À noite, na minha sala cheia de plantas, exploro fascinada as sombras com formas e cores infinitas refletidas no forro branco.


Estas imersões sob meu teto são uma aprendizagem do olhar e me remetem ao livro Em Louvor da Sombra, que de forma tão delicada nos envolve nestes mistérios. Junichiro Tanizaki nos surpreende observando que a cor que os orientais apreciam é composta de camadas de sombra, enquanto os ocidentais dão preferência a cores compostas por camadas de luz. Diz que os japoneses primeiro criam as sombras e depois a beleza. O livro passeia pelos interiores das casas japonesas, cujo aconchego se faz na gentil gradação de sombras sobre o papel (washi) que preenche as divisórias deslizantes de madeira. Ele nos fala sobre objetos que produzem sombra sobre os móveis e paredes, e como os japoneses elegem as superfícies opacas. Assim são as suas cerâmicas e os utensílios de prata e estanho patinados pelo tempo, sem lustro. O brilho da laca e os desenhos em ouro ganham equilíbrio na penumbra.

Se invertemos o nosso raciocínio ocidental de pensar um espaço começando pela luz para depois buscar a sombra, nos deparamos com uma variedade de camadas espessas de sombra com incontáveis tons de cinza, a síntese repousante de todas as cores, até chegar à luz estridente.

Comecei a desenhar aquelas sombras do teto a partir de um papel preto usando lápis branco. Quanto mais se esquadrinha, mais gradações vão surgindo e o branco do lápis ora fica mais forte ora mais tímido, passando pelos matizes infinitos.

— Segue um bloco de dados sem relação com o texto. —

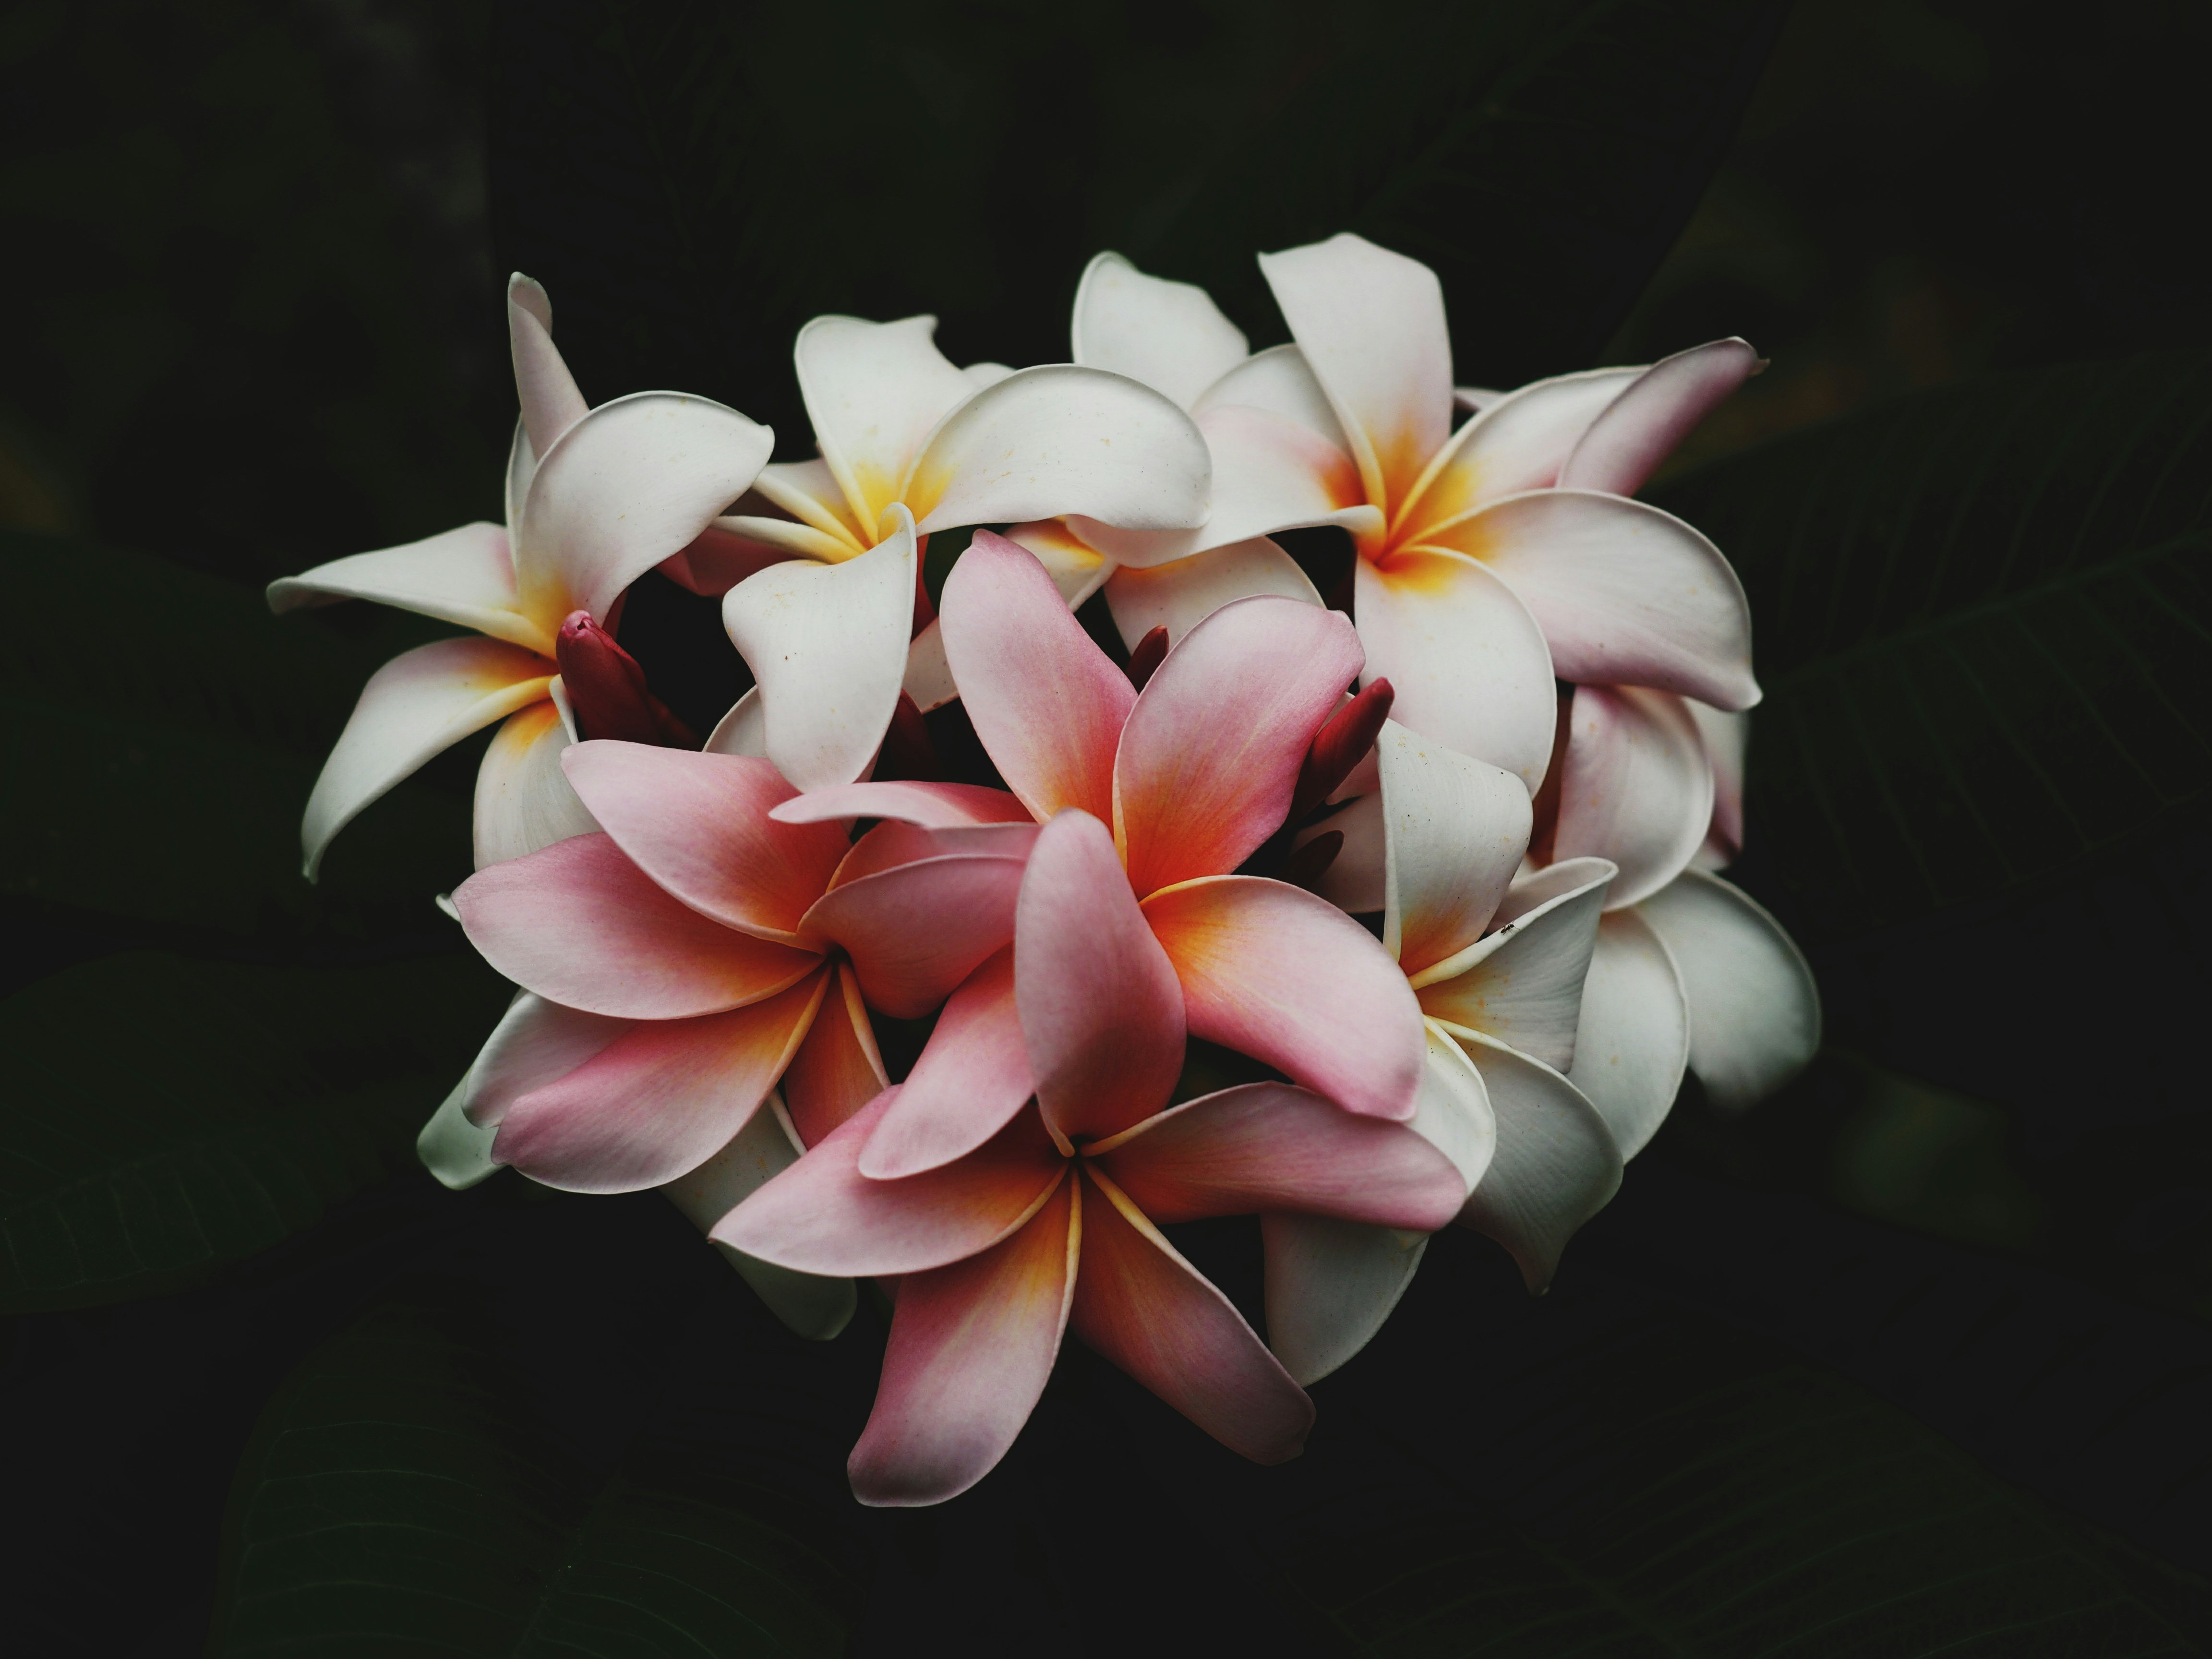 white and pink petaled flowers in the dark

É fascinante raciocinar desta forma, uma fonte instigante para a criação de um lugar de qualidade. Através das sombras percebemos o ambiente que nos envolve. Partindo desta premissa, observo a relação de sombra e luz em jardins que crio. Percebe-se como é diferente a sombra intensa de uma árvore madura de folhas grandes do rendilhado brando de uma árvore de folhas pequenas atravessadas pelos raios solares. A sombra da palmeira é leve e fresca. A sombra da arquitetura sobre o jardim é chapada e parece abafada entre muros, enquanto sob a pérgola trançada por uma parreira, é refrescante. Todas as cores de sombra são diferentes na primavera, no inverno, no verão, no outono.

A luz do entardecer é para mim a mais bela. A cada pôr do sol, revivo esta magia. É a luz menos explícita do dia e a mais indecifrável. Enche a terra de sombras coloridas com uma aura etérea, carregada de enigmas a se desvendar. Como trazer este encantamento para um jardim?

Como atrair luz a partir da sombra e como dar profundidade à sombra?

Esta percepção trouxe nuances surpreendentes. A cor da sombra é silenciosa, sorrateira, acolhedora, mas também pode ser sinistra. A da luz é explícita, alardeada, agressiva, mas também pode ser brilhante e alegre. A magia é entender em que gradações acontecem estas sensações.

Todas estas sutilezas nos trarão vivências diferentes, as quais ainda que não tenhamos consciência, afetam de alguma forma o nosso estado de humor, trazendo alegria, introspecção, nostalgia, ansiedade, serenidade, excitação. Somos muito mais vulneráveis às camadas de sombra e luz do que nos damos conta.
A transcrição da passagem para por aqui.